Halo 06: The Impossible Alchemy
"This is the place?"
"It's a rather delightful hole-in-the-wall I frequent when I'm in the area. Come on; don't tell me that you don't get out more often. This is popular with the kids your age."
Folken looked at the restaurant nudged into the lower floors of the Astorian town's working class district. The district was entirely mud-brick and alleyways, every building being surmounted by a tin chimney spouting white or soot smoke, the latter of which carbon-flashed the walls to contrast with the lower swaths of clay close to the road.
It was a hell of a lot more pleasant than the Vione, at any rate.
"I seldom have time on my hands."
A ball rolled into Folken's boot and bounced off gently, followed soon by a scampering girl in a torn dress and braids. The girl stooped to get her ball, stopped, and looked up in something bordering awe and fear.

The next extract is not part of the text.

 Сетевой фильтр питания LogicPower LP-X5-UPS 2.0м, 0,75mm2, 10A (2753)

Folken felt a twinge in his stomach. These are the sorts of people whose lives I want to fix, more or less. I don't blame her for being scared.

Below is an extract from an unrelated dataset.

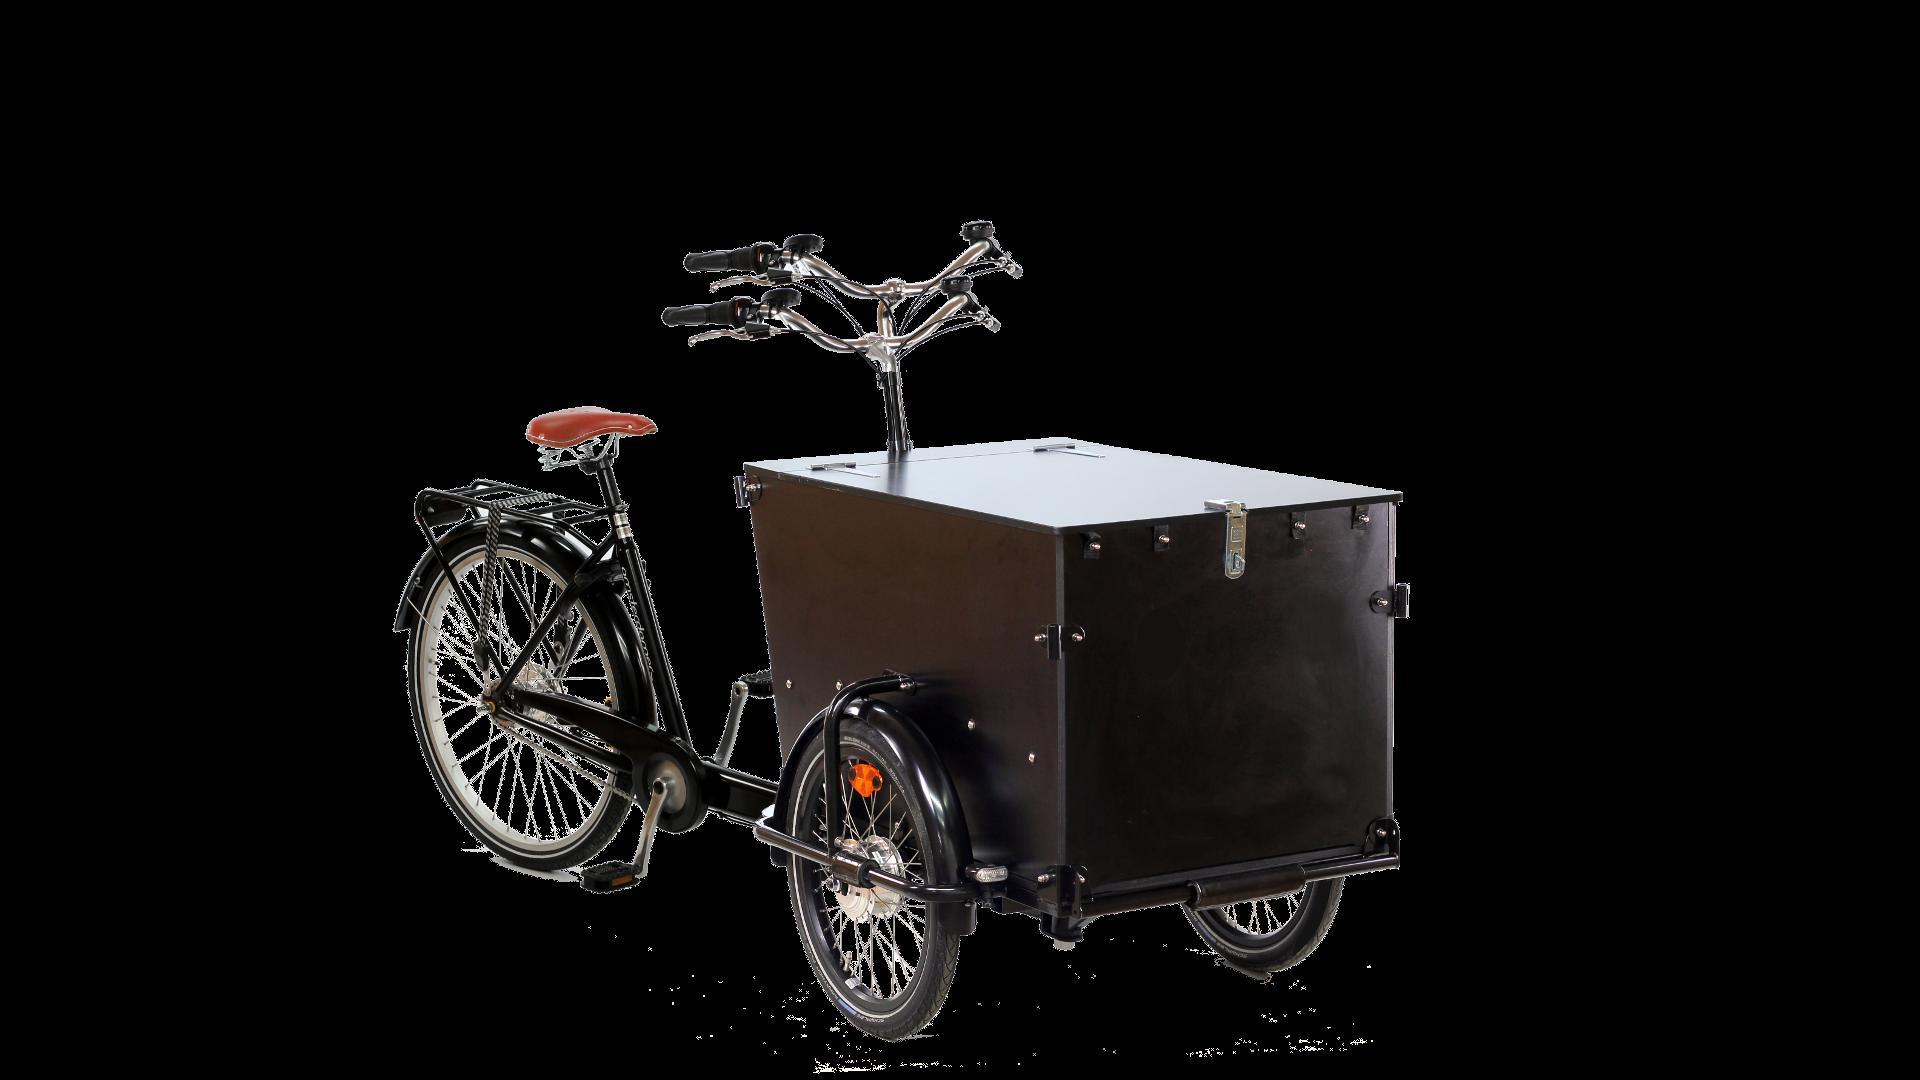 destockage noz industrie alimentaire france paris machine triporteur vente ambulante. Black Bedroom Furniture Sets. Home Design Ideas

The girl backed off a little bit and waited patiently for the man to either send her scampering or offer her the ball.
"Hey, come on!" called Garufo from within the restaurant entryway.
Folken knelt down, dragging his cloak even further in the dust, and offered the girl her ball with his living hand. The girl looked up and twirled her foot on its toe's axis behind her.
"Here." Do you have dreams you will never have fulfilled, little one? I wish I was your age once again…
…Van…
The girl snatched the ball, waited for a shy moment, and then ran off to join her waiting play party. Folken watched her numbly, lost in random thoughts, until Garufo pulled his shoulder.
"I can't leave you alone for a second. The second you go off
duty your head launches back into the clouds. Come on, come on…"
Garufo lead Folken into the dark, grease-aired tavern and settled into a
corner table. There was a window filled with a cut of yellowish, thick glass,
though it was so discolored by years of smoke and grime that it provided only
light and not view of the outside.
"This is the stuff that makes you have heart attacks by the time you're thirty. Entirely fat and grease, though I have to stick to a herbavoric diet most of the time. Don't take your youth for granted. Someday you'll wish you could eat like a university student every day."
"Hm."
"Oh, come on, some day you'll be a pot-bellied old man; you might as well eat up while you can. You're too flat-stomached as it is anyway."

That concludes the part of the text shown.